The new HB142 compromise retreats, and rightly so, from this worst portion of HB2, but it does not retreat (or at least not very much) from the other elements, including those that are not so bad. By repealing HB2, it abandons the wretched aim of trying to prohibit transgender‐friendly bathrooms. But it also takes away local governments’ power to mandate them in the private sector. It provides that “State agencies, boards, offices, departments, institutions, branches of government, including The University of North Carolina and the North Carolina Community College System, and political subdivisions of the State, including local boards of education, are preempted from regulation of access to multiple occupancy restrooms, showers, or changing facilities, except in accordance with an act of the General Assembly.”
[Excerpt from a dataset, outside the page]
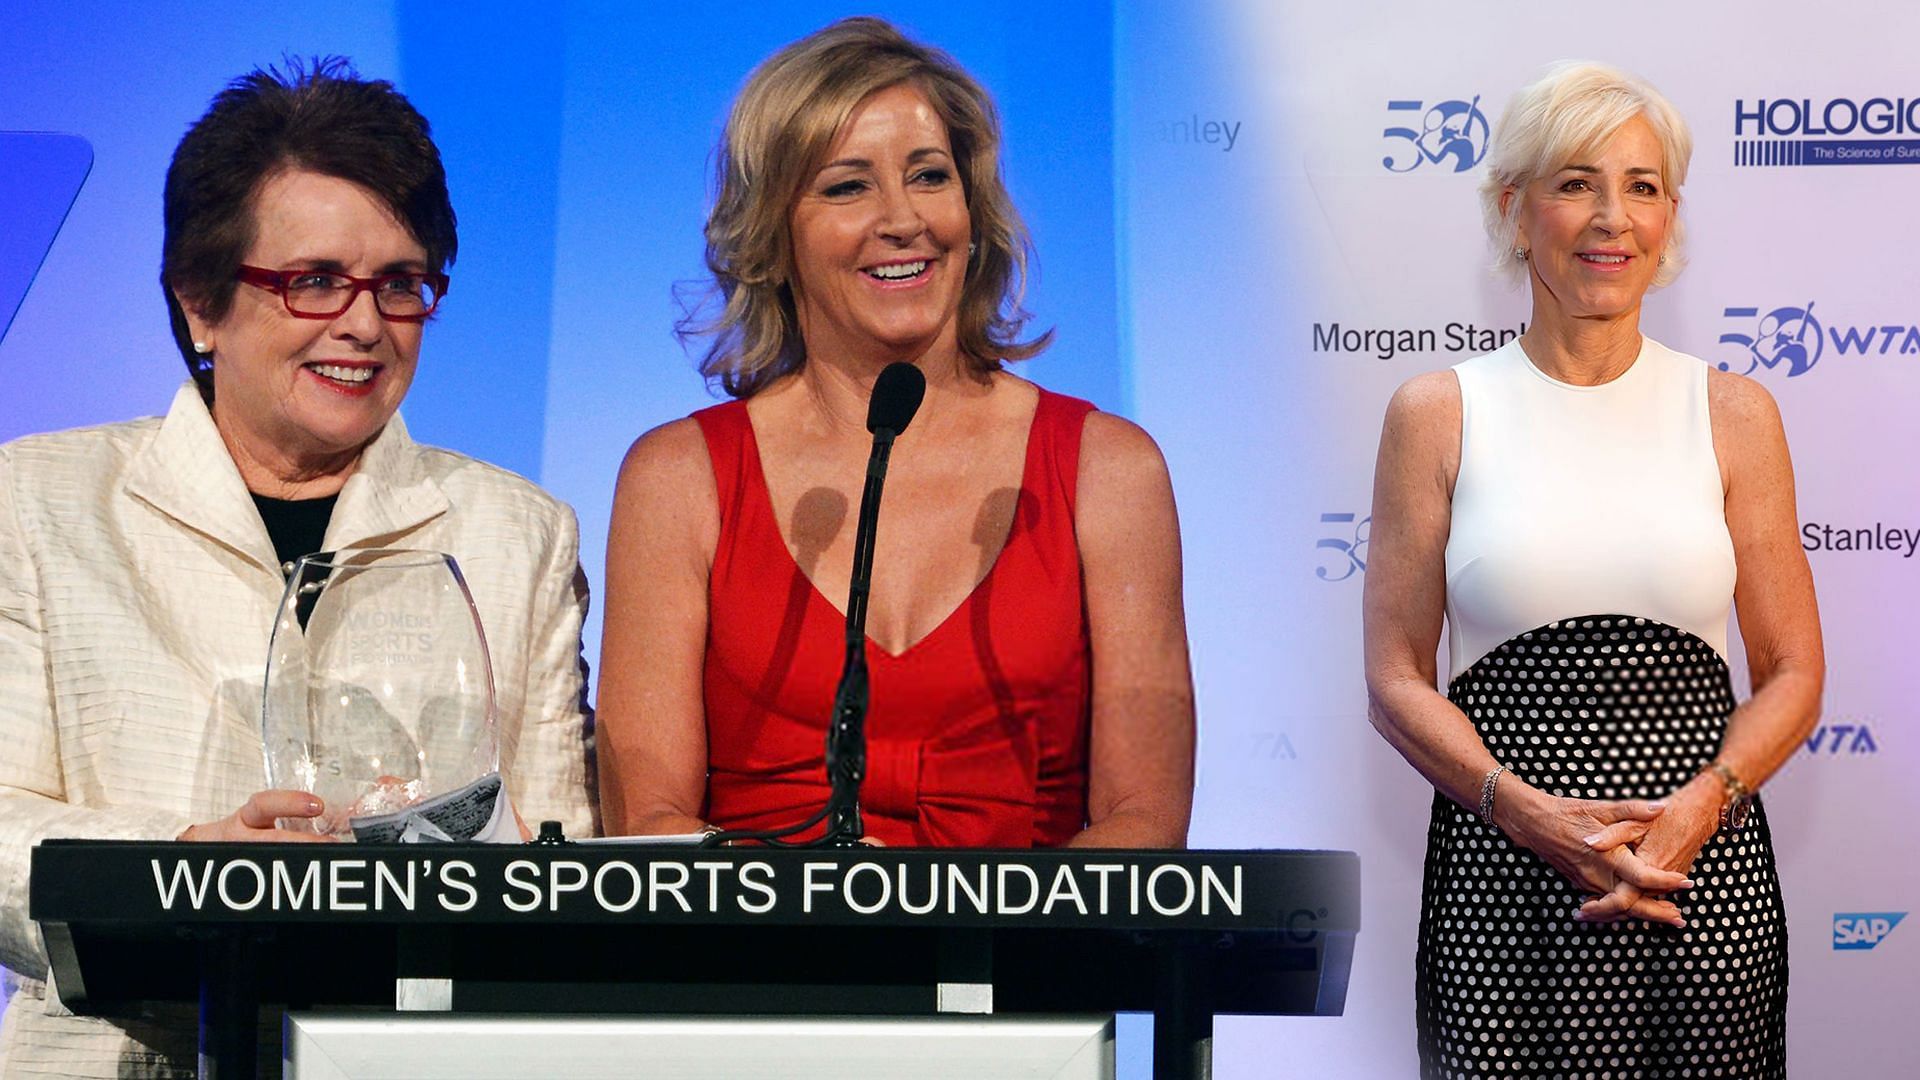 Chris Evert wished Billie Jean King a happy 80th birthday

“Regulation of access to” is not an entirely clear phrase in this context. Clearly, cities like Charlotte need to go on carrying on the “regulation of access to” their own city‐run facilities. The debate in the legislature today, according to several sources, emphasized sound local discretion — Charlotte can run bathrooms in municipal buildings the way it sees fit.
The bill further pre‐empts municipalities temporarily from enacting discrimination laws that go beyond the states’. “No local government in this State may enact or amend an ordinance regulating private employment practices or regulating public accommodations. That latter pre‐emption expires in 2020.
The new compromise is being met with peals of outrage from some of the predictable ultras on both sides. But it looks to me like a more careful attempt to respect the legitimate rights of both sides than we’ve seen in this controversy up to now.